African migrants to Yemen tortured for ransom: UN

DUBAI - Migrants making their way from the Horn of Africa to Yemen are frequently abducted and tortured by "criminal gangs", the UN Migration Agency warned on Monday.

Despite a war that has killed thousands and pushed Yemen to the brink of famine, some 6,000 migrants enter the country every month, according to the UN's International Organization for Migration (IOM). They often come from Ethiopia and Somalia, hoping to make their way overland to the more prosperous Gulf countries to find work. Many are abducted by criminal gangs upon arrival in Yemen and tortured for ransom, according to IOM. "A common technique is to call the migrant's family while allowing burning plastic from an empty water bottle (to) drip on a migrant's skin causing burns and excruciating pain," said IOM director general William Lacy Swing.

"Families usually pay up quickly and the migrants continue their journey often to be extorted repeatedly by different gangs before reaching their destination."

Dozens of migrants have died in the journey to Yemen this year alone.

In August, at least 50 Somali and Ethiopian migrants were deliberately drowned off Yemen by smugglers who appeared to have spotted the coastguard stationed along the coast of Shabwa in the Arabian Sea, according to the United Nations.

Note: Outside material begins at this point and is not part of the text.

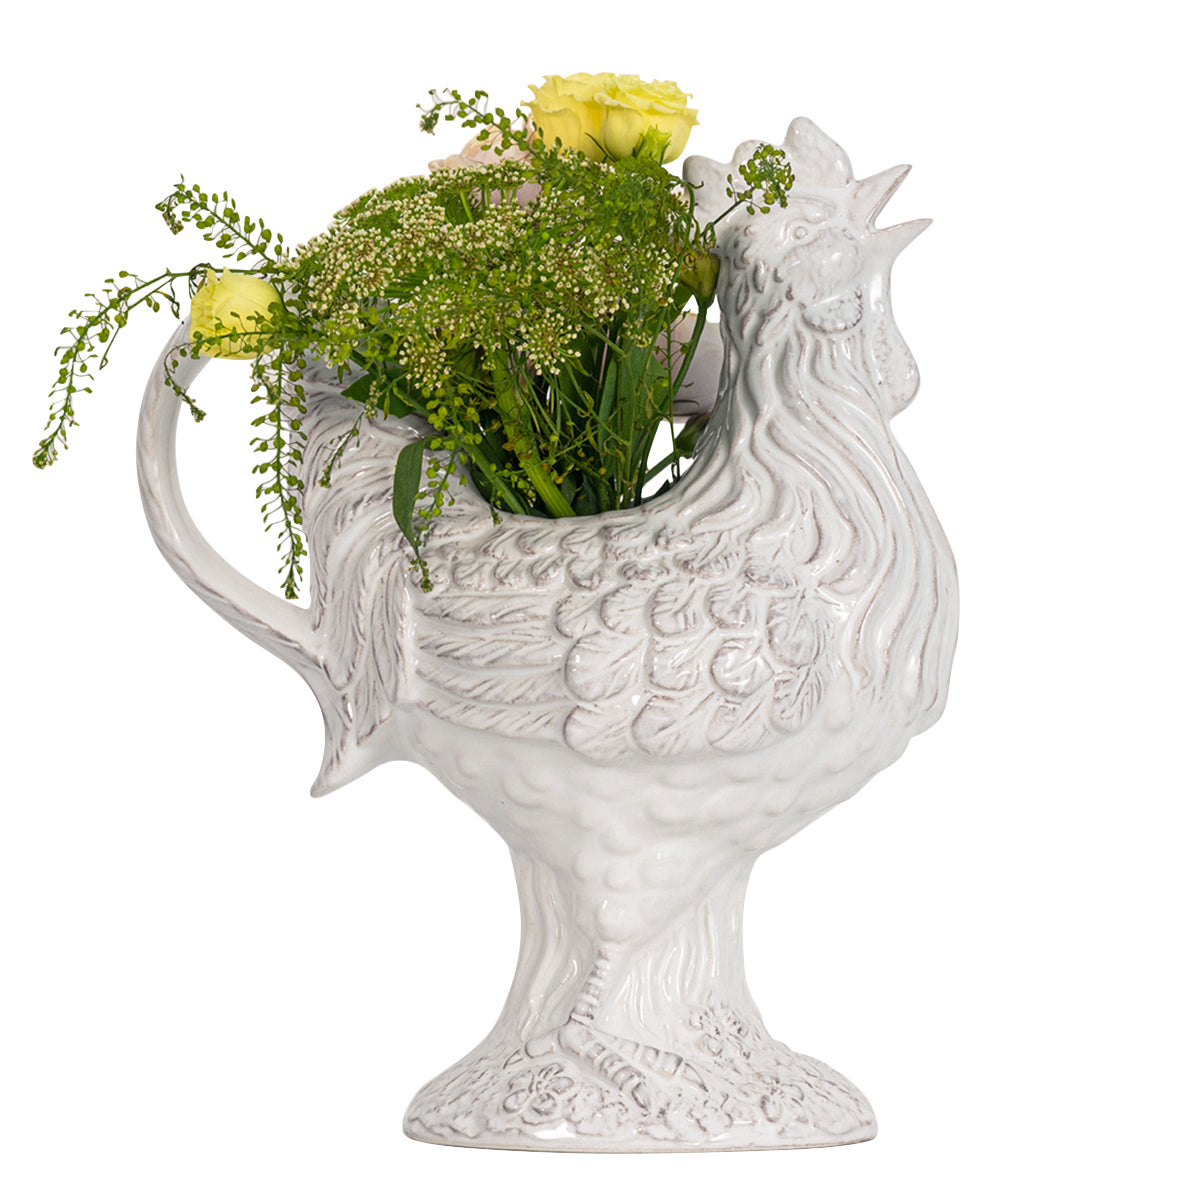 Clever Creatures Rousseau Rooster Pitcher

In March, a helicopter opened fire on a boat carrying more than 140 passengers off Yemen's Red Sea coast, killing 42 civilians and wounding 34.

Unconfirmed reports say the majority of the passengers were migrants.

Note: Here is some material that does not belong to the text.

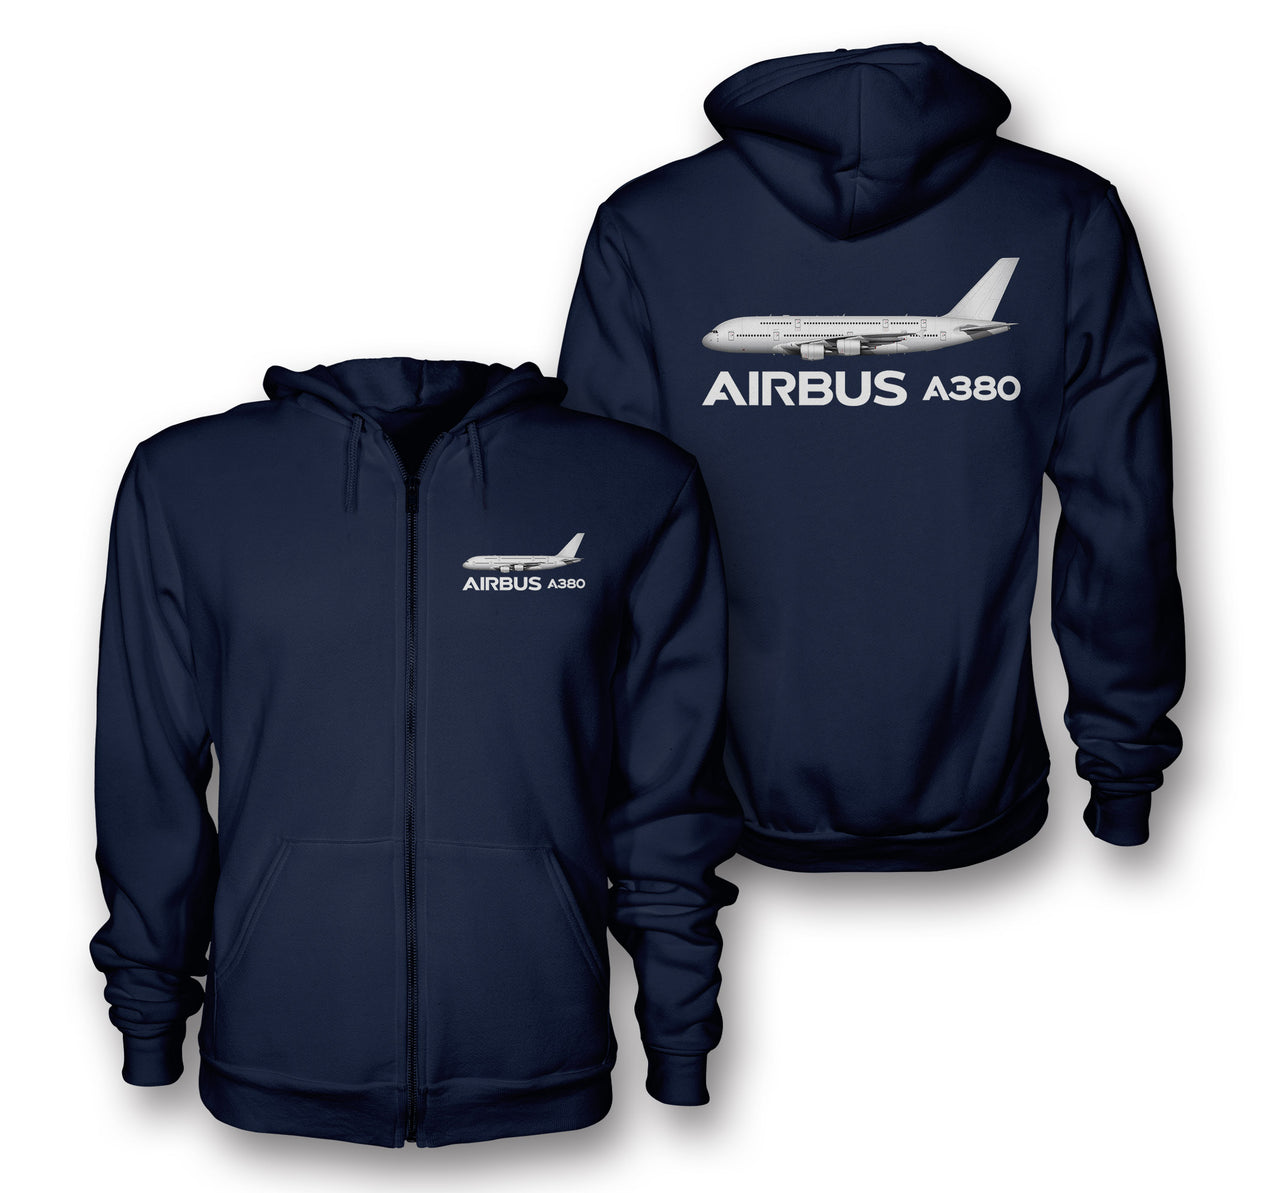 The Airbus A380 Designed Zipped Hoodies

The United Nations has said the attack was almost certainly carried out by the Saudi-led coalition, in an operation it said was a violation of international humanitarian law.

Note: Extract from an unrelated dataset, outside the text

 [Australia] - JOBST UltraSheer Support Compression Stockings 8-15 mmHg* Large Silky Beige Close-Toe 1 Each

The UN Human Rights Council last week agreed to send war crimes investigators to Yemen, where more than 8,500 people have been killed and nearly 49,000 wounded since 2015, when an Arab coalition led by Saudi Arabia joined the government's fight against rebels allied with Iran.

At least 17 million Yemenis now face dire food shortages. Another 2,100 people have died in a cholera epidemic which erupted in April and could infect as many as 900,000 people this year, according to the International Committee of the Red Cross.